The following sentence was intended to help: "It could instead queue
the invalidate message with the understanding that the message will
be processed before the CPU sends any further messages regarding that
cache line."
But to your point, I can see where this paragraph could use some
improvement. First, this is a hardware optimization and must be done
carefully. Second, it is possible that the code (executing on the CPU
receiving the invalidation message) will execute some memory-ordering
instruction that absolutely requires the cache line be invalidated at
that point. Alternatively, it is possible that early sending of the
invalidation message will require that further execution on that CPU
must be speculative. Third, building on second, hardware can violate
the rules as long as software running on that hardware cannot tell
the difference. Fourth, you are right that strict unoptimized MESI
would absolutely require that the cache line be invalidated prior to
acknowledging the invalidation.
> The previous section detailing the store-buffer, on the contrary, makes
> more sense: "Altough not owning this cache line yet, I can store my new
> value in the store buffer already because whatever the current value
> is, I will overwrite it anyways." whereas with the invalidate queue the
> reader just ignores that the variable might have changed.

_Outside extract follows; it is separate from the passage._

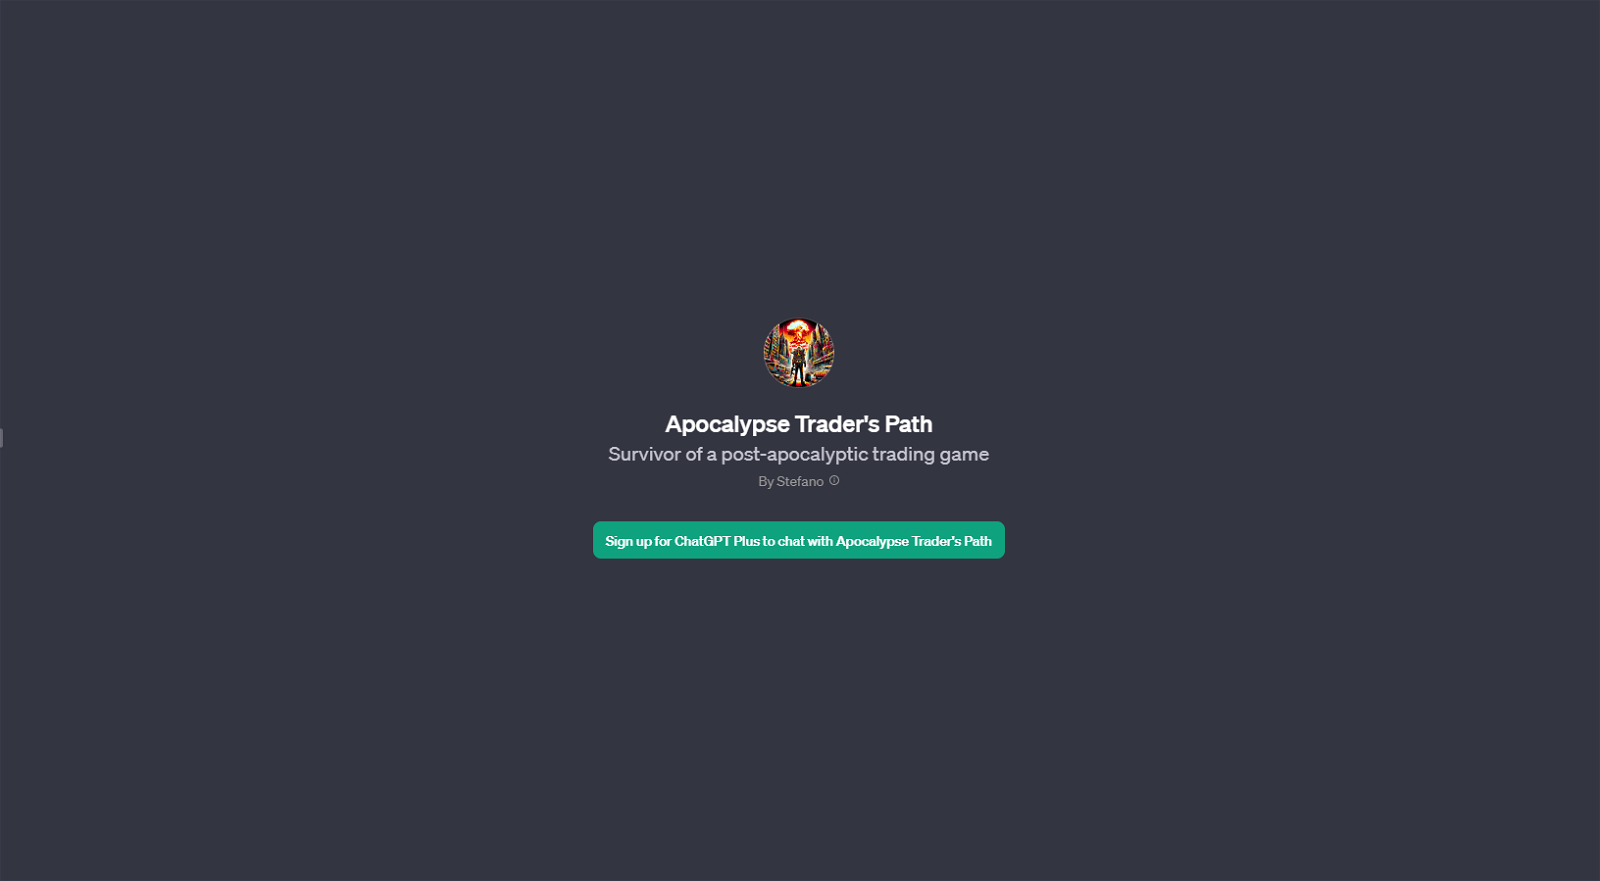 Apocalypse Trader's Path website

Well, if the cacheline is in Modified or Exclusive state, then the
CPU must transition it to at least Shared (with extra state saying
"doomed" or some such). Or not, given yet more protocol complexity.
If the CPU receiving the invalidation request knows that the CPU sending
that request doesn't care what the current value of the cacheline is,
then the receiving CPU can pretend that any stores happened before it
received the invalidation request. Again, assuming that there are no
ordering instructions that prohibit this.
> I guess this is legal because the only real guarantee of CPUs is that
> one particular CPU sees all its accesses in order? But even then, as
> above, for store buffers it makes sense, because the storing CPU
> doesn't care about other values. The *reading* CPU sending the fake
> Invalidate-ACK, on the contrary, should very well care about reading
> the truthfull value from the cache line.
Also, different types of CPUs have different underlying ordering
guarantees. And speculative execution can often ignore those guarantees
as long as it can avoid the user-visible state seeing any violations. And
given multiple CPUs reading and modifying a given variable concurrently,
what exactly is the truthful value at any given point in time?
(Referring to Figure 15.10 ("A Variable With More Simultaneous Values").
> And if it all works like that, then what even is the point of
> Invalidate messages at all, if you can not rely on them being followed
> before you yourself start modifying the cache line?
Because they are needed for things like memory-ordering instructions
to work correctly. But on a weakly ordered system, if there are no
memory-ordering instructions in the code, then there are precious few
memory-ordering guarantees anyway. ;-)
> Or is the point that a CPU temporarily ignoring an Invalidate message
> can still validly (without memory barriers) use data in that cache line
> which does *not* get modified by the other CPU? So memory barriers in
> this scenario would allow for more efficiency by "segmenting" cache
> lines?
The point is mostly that on weakly ordered systems in the absence of
memory-ordering instructions, there are very few guarantees. See again
Figure 15.10.
> Quite confusing. Parallel programming is hard and discussing it is one
> thing we can do about it :]
Agreed!!!
Do the explanations above help? If so, I will rework that paragraph
with attribution.
Thanx, Paul
> Thanks,
> Philipp
>
>
> [1]
> https://git.kernel.org/pub/scm/linux/kernel/git/paulmck/perfbook.git/tree/appendix/whymb/whymemorybarriers.tex#n1127
>